I wasn’t thinking about it exactly the way you articulated it. It’s always an intuitive thing. Until we blocked the first scene, I didn’t know how we would shoot it. I didn’t know what lens I would use. I don’t rehearse. I need to be on the actual set with the actual actors and the costumes and the props before I can know how to shoot it. So we block the scene like a piece of theater. Then I show it to my director of photography and the whole crew. And then and only then do I look at the lenses and decide how I want to shoot. We did use wide-angle lenses—25mm and 27mm. Very close to the faces. That means you’re physically close to them, not optically close and physically far away [as with close-up lenses]. I wanted to be close to them and it does have the effect you mentioned. It doesn’t throw the background out of focus, but it does change the shapes and the sizes.

The scene that’s so extraordinary and nails Jung early on as the creep that he was is the one where Jung conducts the free-association experiment on his wife, using Sabina, his potential mistress, as his assistant. It’s amazing in terms of the establishing of the triangle and the circulation of subjectivity and desire.
And it’s all shot with that lens, even the hands. A moment I got very excited about is after his wife leaves and Jung comes back into the room. I thought how are we going to play this, and—I get chills just thinking about it—I said, “Keira, you get up and you take the position of his wife. You put your hands where her hands were, because you’re plotting as well. You’re going to come between him and his wife.” That’s something I didn’t anticipate until we shot the scene.

For me, the issue around Freud wanting to form an alliance with Sabina, basically against Jung, has to do with them both being Jews. I’m surprised more people don’t talk about the importance in the movie of Freud’s Jewishness.

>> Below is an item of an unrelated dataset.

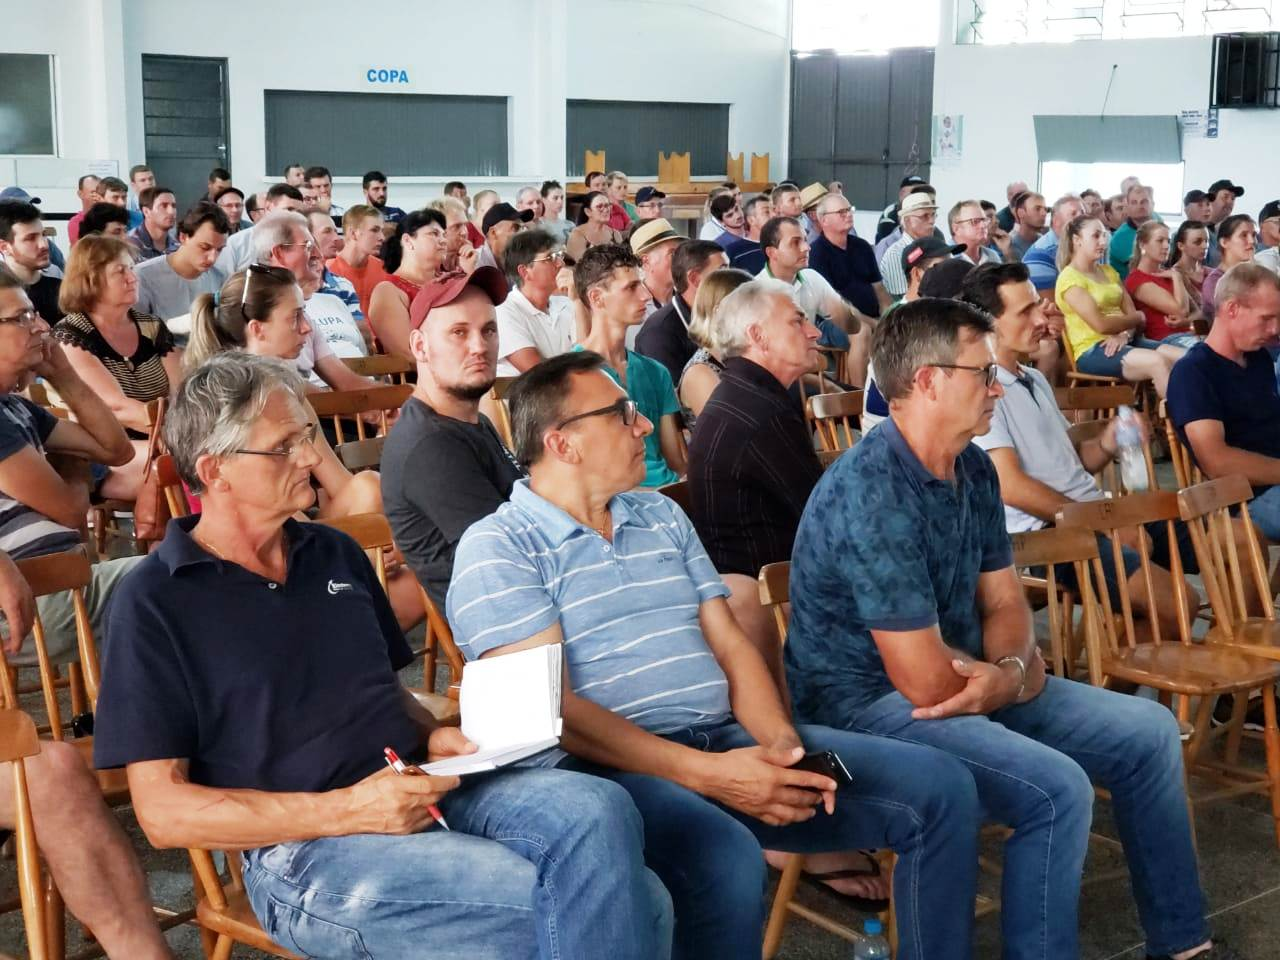 Palestra sobre lei da parceria reúne cerca de 200 suinocultores e avicultores

Yes. The Jewish element was huge, and we present it that way. Freud wanted an oblivious Jung to become the leader of the psychoanalytic movement because he was so acceptable. He was Christian and German, and also charismatic and handsome. But mainly, Jung wasn’t Jewish. Freud even says, speaking of his psychoanalytic circle, “We’re all Jews here.” In the accepted anti-Semitism of the Austrian empire, although Jews were treated not too badly, all things considered, they were definitely restricted and discriminated against. They were not allowed to be in the military or in government. Jung even says, speaking about psychoanalysts, they’re all disreputable and degenerate. He meant that they were all Jews and that psychoanalysis could be dismissed as a Jewish science, as another aspect of Jewish mysticism and sensuality and degeneracy. All the Christian intellectuals—Nietzsche, Wagner—were obsessed with Jews and Jewishness. They were constantly trying to figure out what it was and why it was so disturbing to them. And Jung was no different. Jung actually said later that Freudian psychoanalysis only worked on Jews and that Jews should dress differently from other people so we can tell who they are.

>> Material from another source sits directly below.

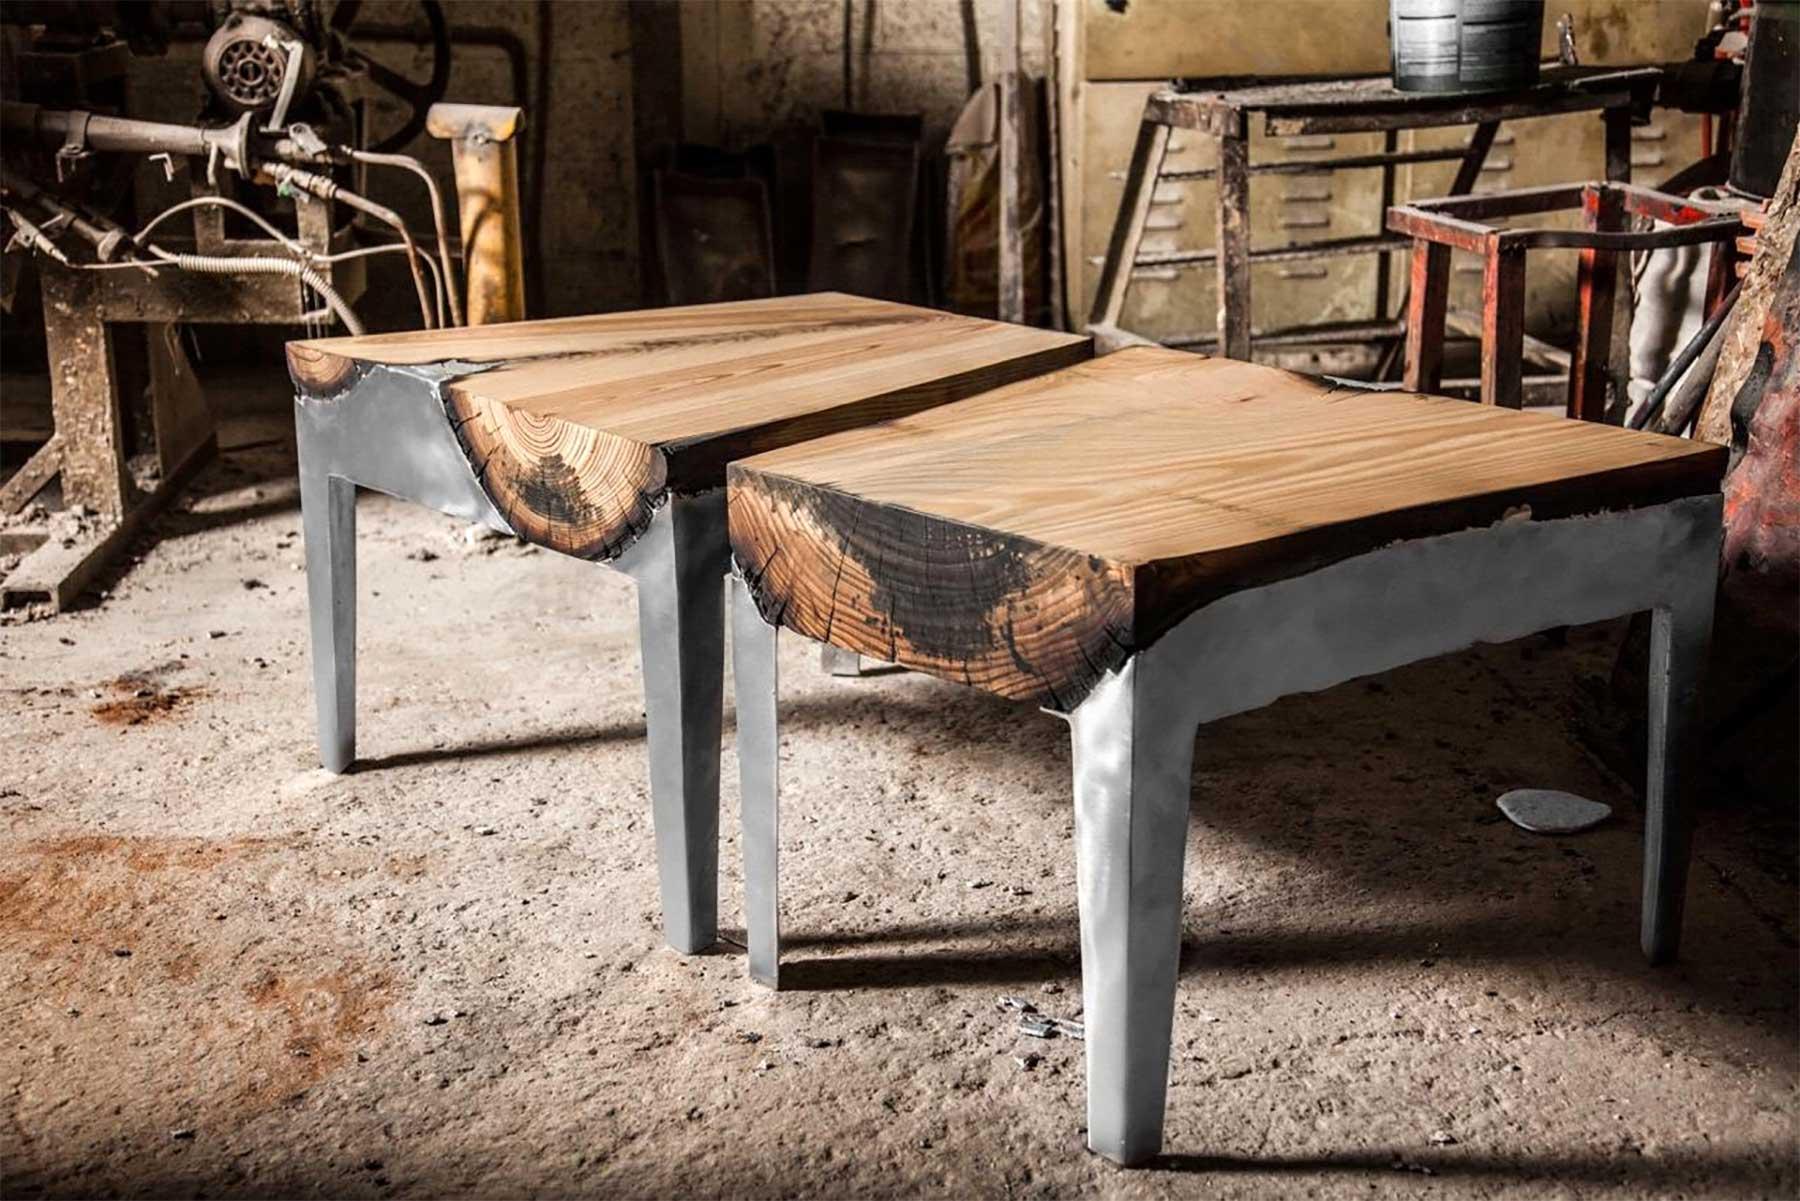 Aluminium-Holz-Möbel von Hilla Shamia Hilla-Shamia-design-studio_03

And he also sat out World War II by the side of that Swiss lake.
He was Swiss. They’re neutral, right? The obsession with Jewishness and what it meant was immense in the period. And there’s Sabina with her Wagnerian Siegfried fantasy and the sin connected to it. For her, the sin was sex with an Aryan as opposed to incest, as in Wagner’s opera. She wrote about it and we talk about it in the movie. Freud says to her, “Put not your trust in Aryans. We’re Jews, we’ll always be Jews.” To me that’s great stuff and of the essence. It’s not background. It’s true we don’t have pogroms on screen, but Freud was very up front about what Jewishness meant professionally and in every other way.